Bus yang dia tunggu-tunggu berhenti tepat di depan halte. Dia bangkit berdiri dan kembali meransel tasnya yang sejak tadi dia pangku saat duduk di bangku halte.

Hari ini dia akan pergi ke suatu tempat, di dekat sekolah lamanya. Iseng aja karena dulu sebelum dia pindah sekolah, dia hampir setiap hari kesana, entah hanya sekedar duduk, mengerjakan tugas atau menikmati wifi.

Seharian ini, Dara juga tidak bertemu dengan Davi. Dia pergi entah kemana. Padahal Dara butuh penjelasan kenapa Davi terlihat sangat berbeda? Kemana seragamnya?

Dara melangkah menuju meja pemesanan. Semuanya masih sama saat dia melangkah masuk tadi. Tapi saat melihat menu, ada yang sedikit berbeda, lebih tepatnya banyak menu tambahan.

"Mau pesen rasa apa—loh, Dara kan?"

Dara yang merasa namanya disebut, menengadahkan kepalanya. Membalas tatapan wanita muda dihadapannya. Sedetik kemudian, dia tersenyum senang. "Ah Kak Lizzy!" Serunya nyaris mengundang perhatian beberapa pengunjung. "Kangen banget!"

Lizzy keluar dari tempatnya, kemudian melangkah menuju Dara dan memeluk cewek itu. "Apa kabar?"

"Baik.
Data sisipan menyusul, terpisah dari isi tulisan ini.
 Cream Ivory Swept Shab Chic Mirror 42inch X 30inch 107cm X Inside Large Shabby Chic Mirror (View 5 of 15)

Super super baik."

Lizzy mengurai pelukannya. "Gue denger katanya lo pindah sekolah ya?"

"Iya, karena sesuatu jadi harus pindah ke sekolah yang lebih dekat dari rumah."
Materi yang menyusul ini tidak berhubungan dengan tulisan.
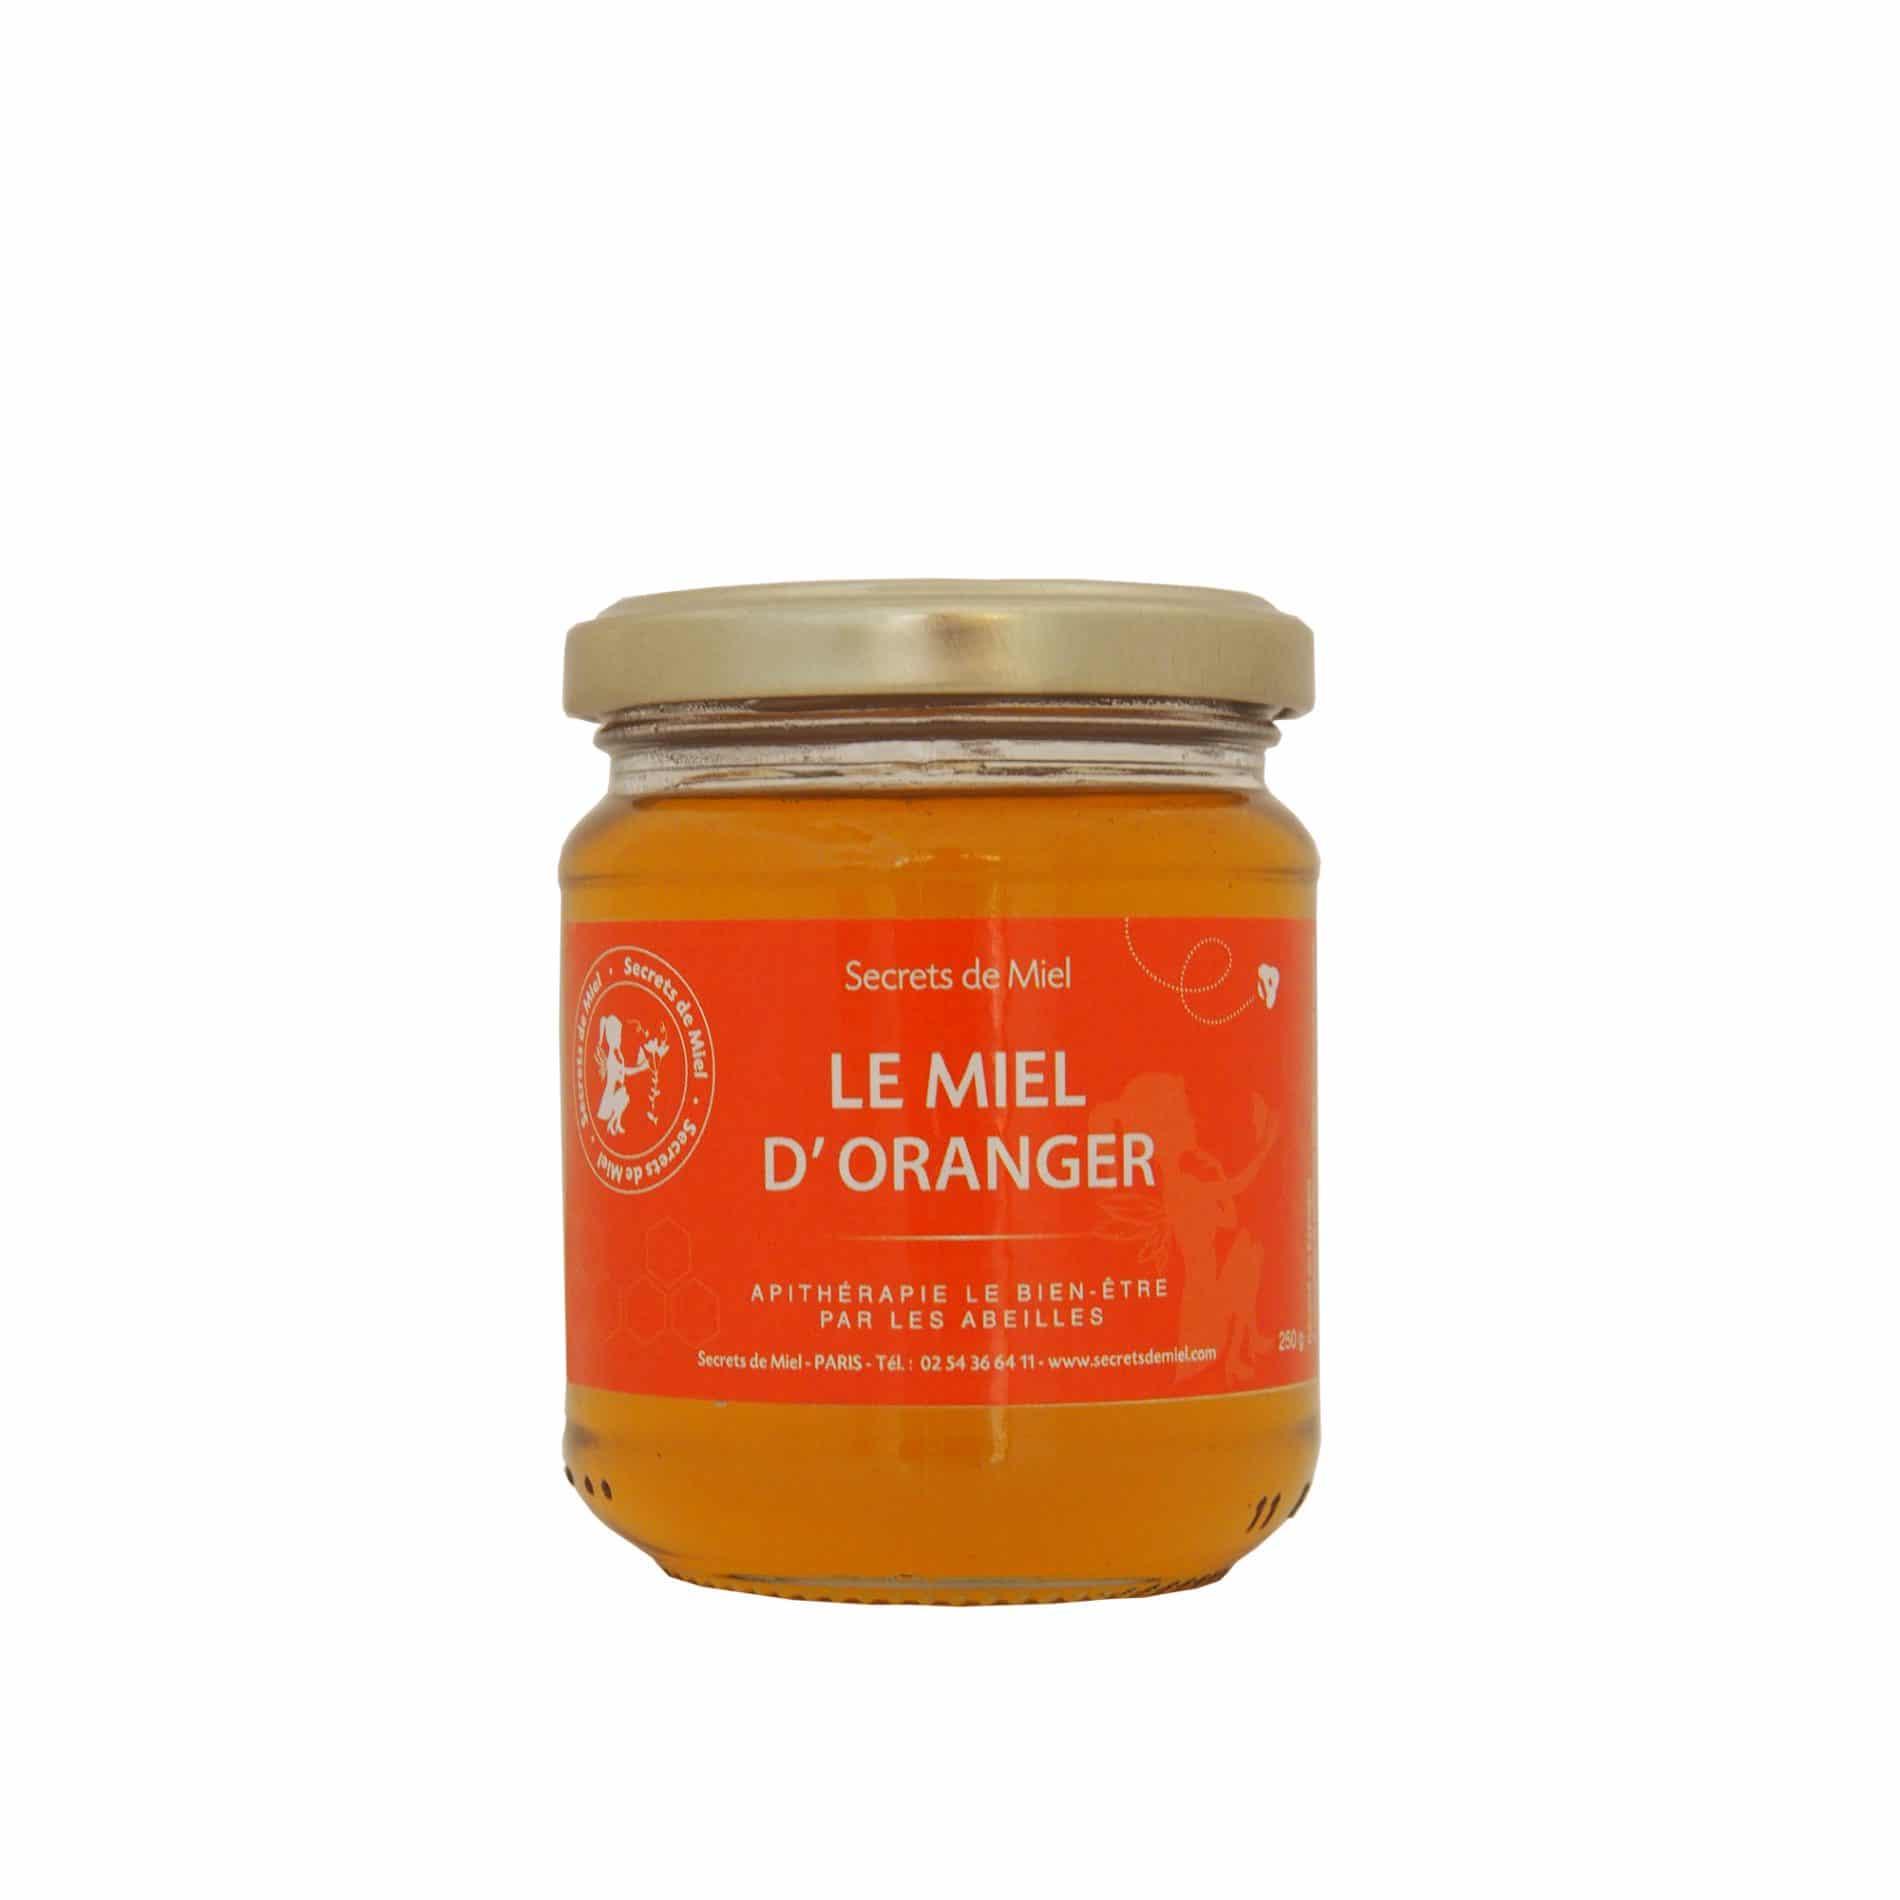 Miel d'Oranger - Miel liquide - Abeilles - Ruche - Produit naturel - Secrets de Miel

"Kenapa nggak cerita-cerita sih?"

Dara tertawa getir. "Ceritanya panjang, Kak. Maaf ya baru mampir lagi."

"Sekarang lo baik-baik aja kan?"

"Sejauh ini, iya." Dara kembali mengarahkan perhatian ke menu. "Gue pesen apa ya."

"Mango Smoothie kan? Kayak biasa?"

Dara menarik senyumnya, kemudian menggeleng. "Mau green tea aja deh!"

"Eh, tumben?"

"Lagi pengen aja," kata Dara sambil diiringi tawa. "Oh iya, jangan pake boba ya, Kak."

Lizzy mengacungkan jempolnya. Kalau itu sih dia tau, dari dulu emang Dara nggak pernah suka boba.

"Ya udah cari tempat duduk gih, ntar kita ngobrol disana."

"Siap." Dara balik arah, bermaksud untuk menuju ke tempat favoritnya dulu, tapi ternyata sudah diisi oleh orang lain. Terpaksa dia mencari tempat duduk lain.

Di sudut, kosong. Sebenarnya dimana pun enak kalau di cafe ini. Karena sebagian besar dindingnya adalah kaca.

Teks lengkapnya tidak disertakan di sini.